Before Marcia could ask what ugly circumstance, our present ugly circumstance pressed in on us. We heard one of the hijackers clearing his throat over the loudspeaker system. Everyone in the cabin tensed. Would it be another of his political speeches, another tirade against oppressors? Perhaps it would be better to be blown up here and now than hear one of those speeches. No. I valued my life. I listened.

“You’ll be glad to hear that the plane is about to descend,” the hijacker said. “When we land, we’ll be met with food and comfort. Do not attempt to leave the plane until Ché and Ben make arrangements. I’ll let you know when that will be.”

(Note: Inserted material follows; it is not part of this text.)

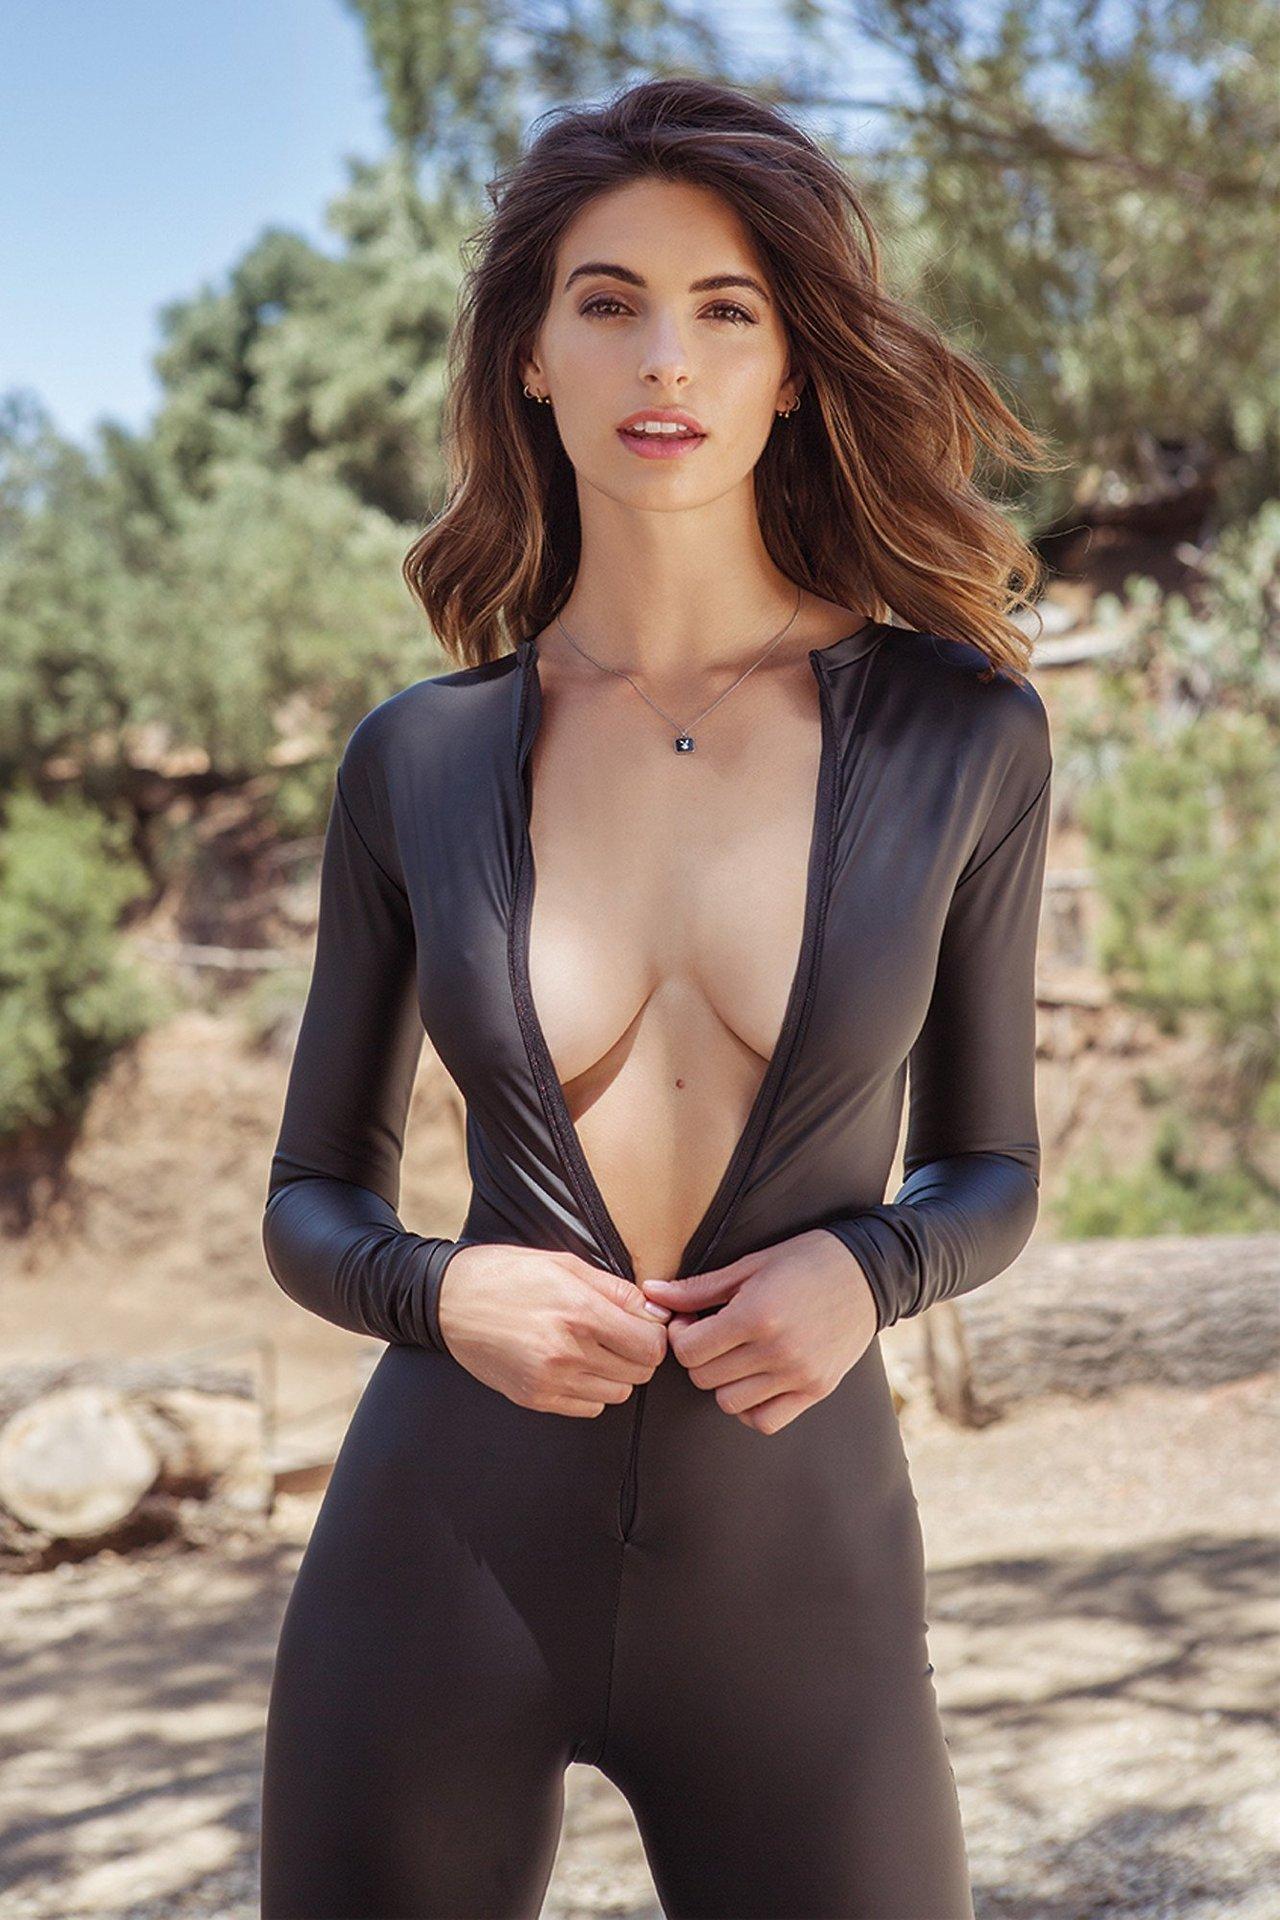 Pictures Elisabeth Giolito nudes (23 photos), Ass, Bikini, Feet, legs 2019

They had called each other by first names only from the beginning of the hijacking.

“I hope Ché and Ben are greeted with a swift kick in the pants,” I said to Marcia.

“You don’t mean that.” She looked shocked. “I mean, not only for their sakes but for ours.”

She would have put that in reverse eight hours earlier but now she was clearly rooting for them and I was reminded of the studies done about the airline passengers in Mindanao in the Philippines, who shielded their hijackers from police trying to rescue the hijackers.

The wheels of the plane touched the ground and a collective sigh went up from the passengers. Our droopy-mustached hijacker, the one Marcia thought so humanitarian and idealistic, came out of the pilot’s cabin and stood with his back to it, facing us, gun trained in the general direction of the passengers. Marcia was smiling gently, almost maternally, at him.

I looked out the window.

“What do you see?” Marcia asked, straining to peer over my shoulder.

“A couple of negotiators, I hope.”

Two unarmed men dressed in business suits were approaching the plane across the spotlighted field. My shoulder was blocking Marcia’s view and I was about to pull back in my chair to let her have a chance to see when something caught my attention, a feeling of movement rather than movement itself somewhere on the ground, in the dark, past the nose of the plane.

Then I saw him, a man crouched and coining forward — no, several men — coming out of the darkness. I prayed that the hijackers hadn’t seen them. But, of course, logic told me, they hadn’t. I could account for all four of them. Our idealist was standing right in front of us, Ché and Ben were standing at their open door somewhere in second class, getting ready to receive the two negotiators. The fourth hijacker had to be standing with a gun trained on the coach class passengers.

The only people who could have seen the stealthy movements were the pilot up in front and I. It would be our secret. I kept my shoulder in front of the window, continuing to hog the view. Let Marcia think I was rude and selfish in my excitement.